To validate biomarkers identified in this work, we tested their coherence and predictive power in the context of independent gene expression dataset, GSE1572 . This data set contained gene expression data from PFC samples of 30 non-demented subjects, aged 26–106. These samples were profiled on Affymetrix Human Genome U95 Version 2 Array (GPL8300). To select the probes and calculate the biomarker score, we matched the biomarker gene symbols to those represented on the HG-U95Av2 array. We calculated the correlation of the expression level of each selected probeset with the composite biomarker score (see above) and refined the selection by dropping probes that demonstrated opposite regulation according to the sign of the correlation coefficient. Finally, we correlated the biomarker scores with the subject age.
An additional set of public gene expression data used to validate the coherence and predictive power of the biomarkers was obtained from hippocampus samples from elderly control and AD subjects, GSE1297 , . These 31 samples were profiled using Affymetrix Human Genome U133A Array (HG-U133A). To select the probes and calculate the biomarker score, we matched the biomarker gene symbols to those represented on the array, refined them as described above, and averaged the gene expression values according to the equation in the previous subsection. The biomarker scores were then correlated with MMSE (MiniMental State Examination) as an available measure of AD severity.
Analysis of differential gene expression in prefrontal cortex samples between non-demented individuals and AD patients revealed massive changes, with more than 18,000 transcripts significantly regulated (ANOVA p<1E–6) by more than 28% (see Fig. S1). Much of this differential expression was due to a single gene expression pattern that defined the first principal component (PC1) in both AD and normal samples. PC1 explained 45% of variance in the upregulated genes and 60% of variance in the downregulated genes. As shown on the heat map in Figure 1, AD and normal samples dominated the opposite ends of this gene expression pattern, with some subjects from each group in the intermediate range. When normal and AD subjects were considered separately, it was largely the same genes that contributed to the PC1 pattern in both AD and normal samples as shown by correlation analysis in Figure S1. This analysis indicated that the same major biological process reflected in the gene expression started in normal brains and continued developing in AD brains. We found a significant correlation of PC1 with chronological age in non-demented individuals (ρ=0.58, p=9E–13) and concluded that this gene expression pattern captures normal aging processes in prefrontal cortex. Interestingly, this correlation did not exist in AD patients (ρ=0.10, p=0.17). Table S2 contains the lists of genes that were most up- and downregulated with age and were selected based on the strongest absolute correlations with PC1.

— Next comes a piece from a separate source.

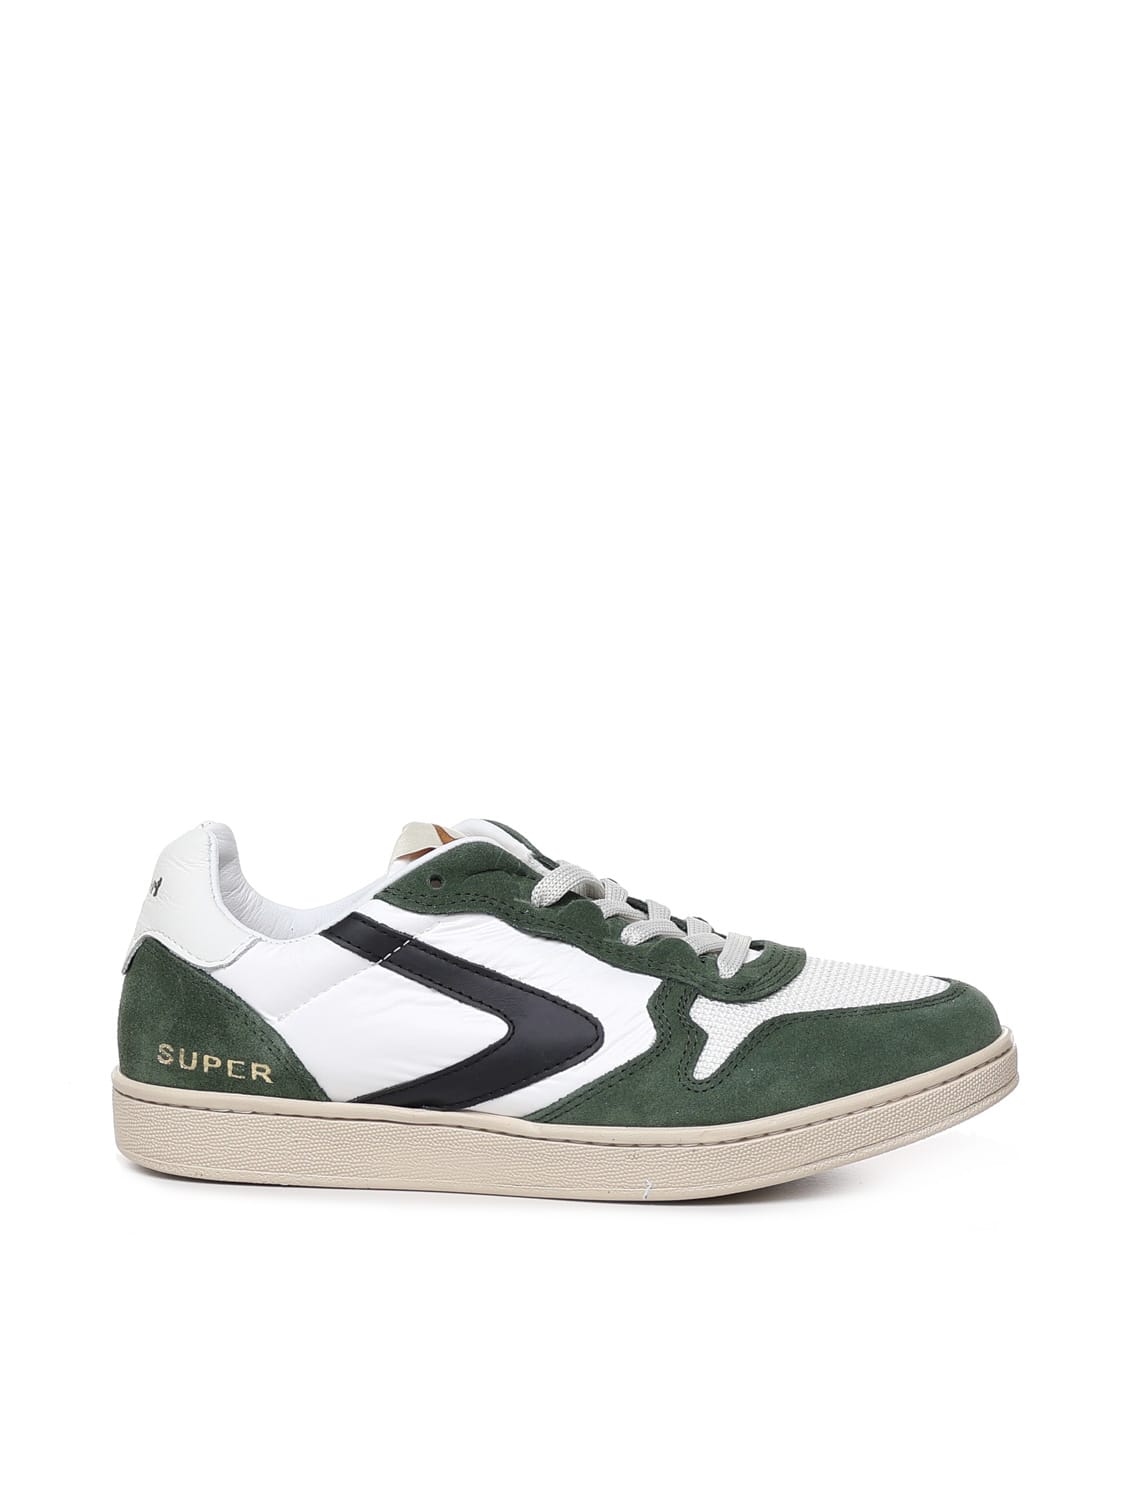 Valsport Super Nylon 03 Sneakers In White, Green, Black

It is useful to ascribe a score based on average expression levels of all included genes as a composite measure (see Methods). We refer to the PC1 biomarker score as BioAge (biological age) based on the hypothesis that the BioAge score for an individual is a more precise and objective measure of the progression of age-related changes than chronological age. Overall, most AD samples attained much larger values of BioAge than normal samples (AUROC=0.92). See also Table 1 for other characteristics of this biomarker. Comparison of BioAge in AD and non-demented individuals at different chronological age groups revealed a very significant difference at younger ages which decreased in chronologically older age groups. While BioAge of non-demented individuals gradually increased with age, AD patients showed consistently high levels of BioAge regardless of chronological age (Fig. 2A). The extrapolated BioAge of normal subjects would reach average AD levels at the age of 100 years. The most advanced AD brains correspond to an extrapolated age of 140 years in non-demented subjects.

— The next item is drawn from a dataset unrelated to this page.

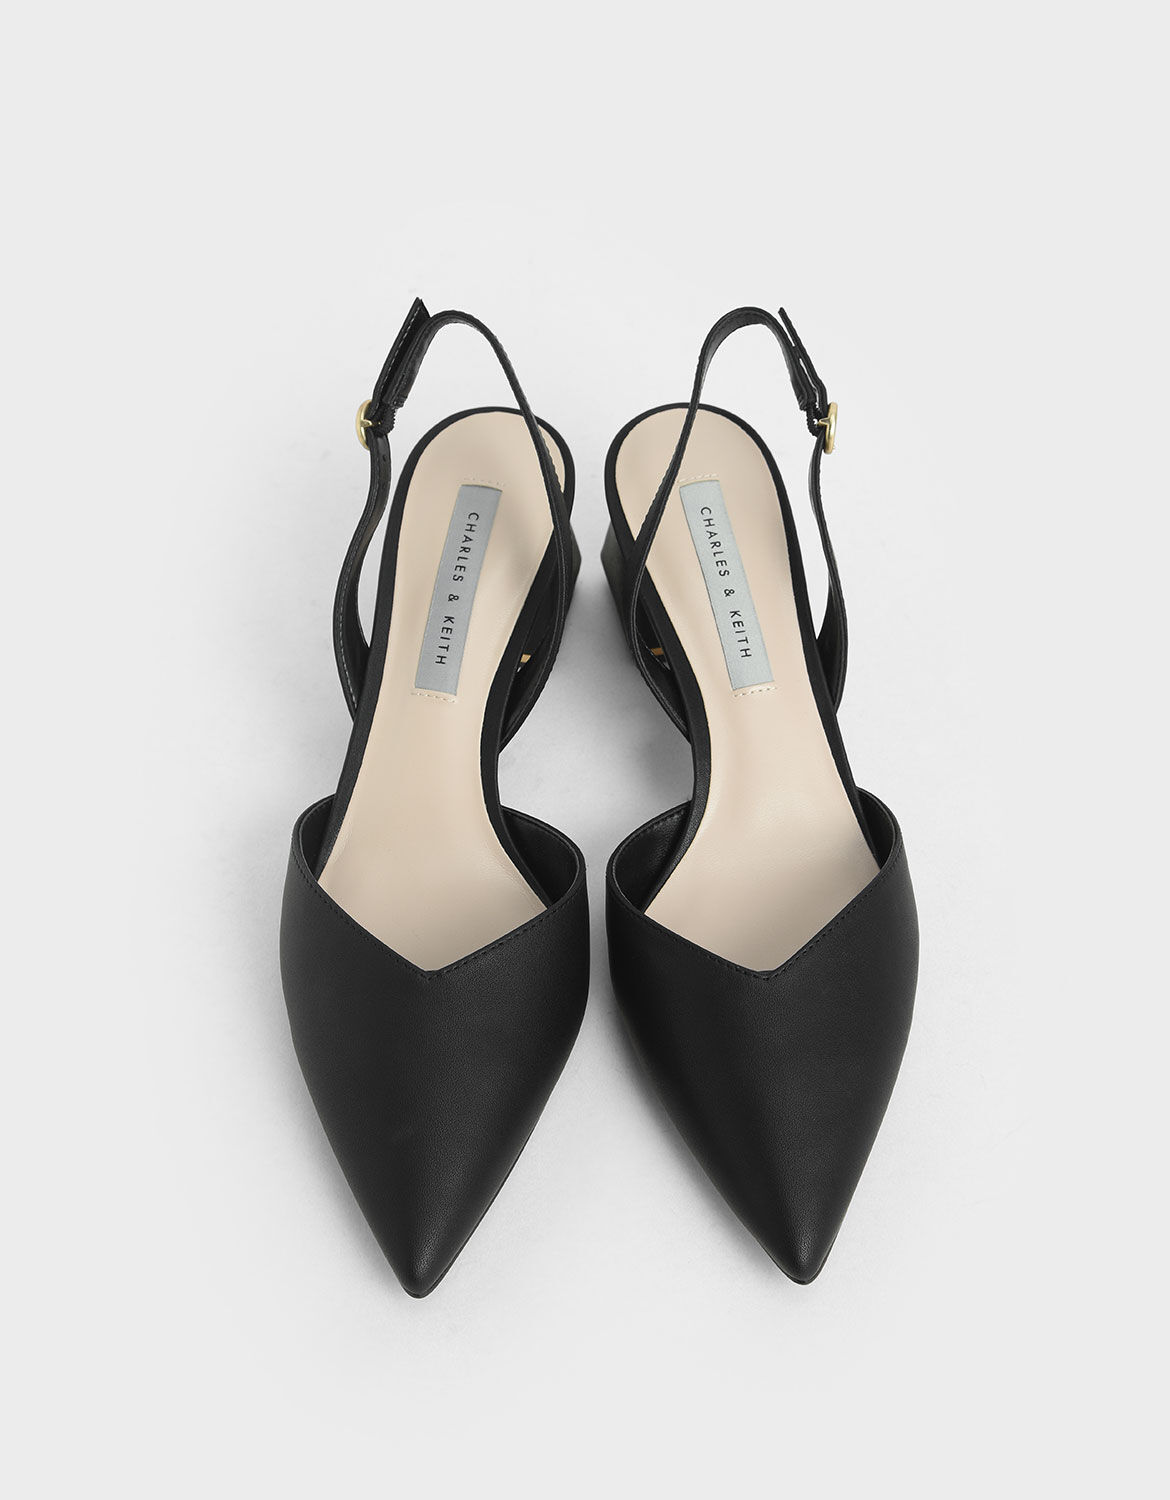 comfortable heels - Corporette.com

As an independent test of the power of BioAge to predict normal chronological age, we applied this biomarker to an independent cohort of prefrontal cortex samples from non-demented individuals (GSE1572). This gene expression data were used to qualitatively describe aging in an earlier study . BioAge score in these samples strongly and significantly correlated with chronological age of the subjects in the range from 26 to 106 years (ρ=0.75, p=8E–7) (Fig. 2B). In addition, BioAge corresponded to the second principal component in the GSE1572 dataset (ρ=0.90, p=4E–11), validating that aging is a major reproducible source of variance in gene expression in PFC. Similar prediction of chronological age using gene expression was recently proposed .
We performed another validation of BioAge as a predictive biomarker of the brain condition in elderly subjects both with and without AD using publicly available gene expression data from hippocampus samples (GSE1297). These data were used in prior research to qualitatively describe AD progression based on gene expression correlation with the disease severity, from control group through severe AD , . We found that BioAge score calculated in these samples strongly and significantly correlated with the MiniMental Status Examination (MMSE) (ρ=−0.59, p=4E–4). Figure S2A demonstrates the association between BioAge and AD severity. BioAge corresponded to the first principal component in this data set (ρ=0.70, p=1E–5), capturing a major source of gene expression variance and an overall brain condition.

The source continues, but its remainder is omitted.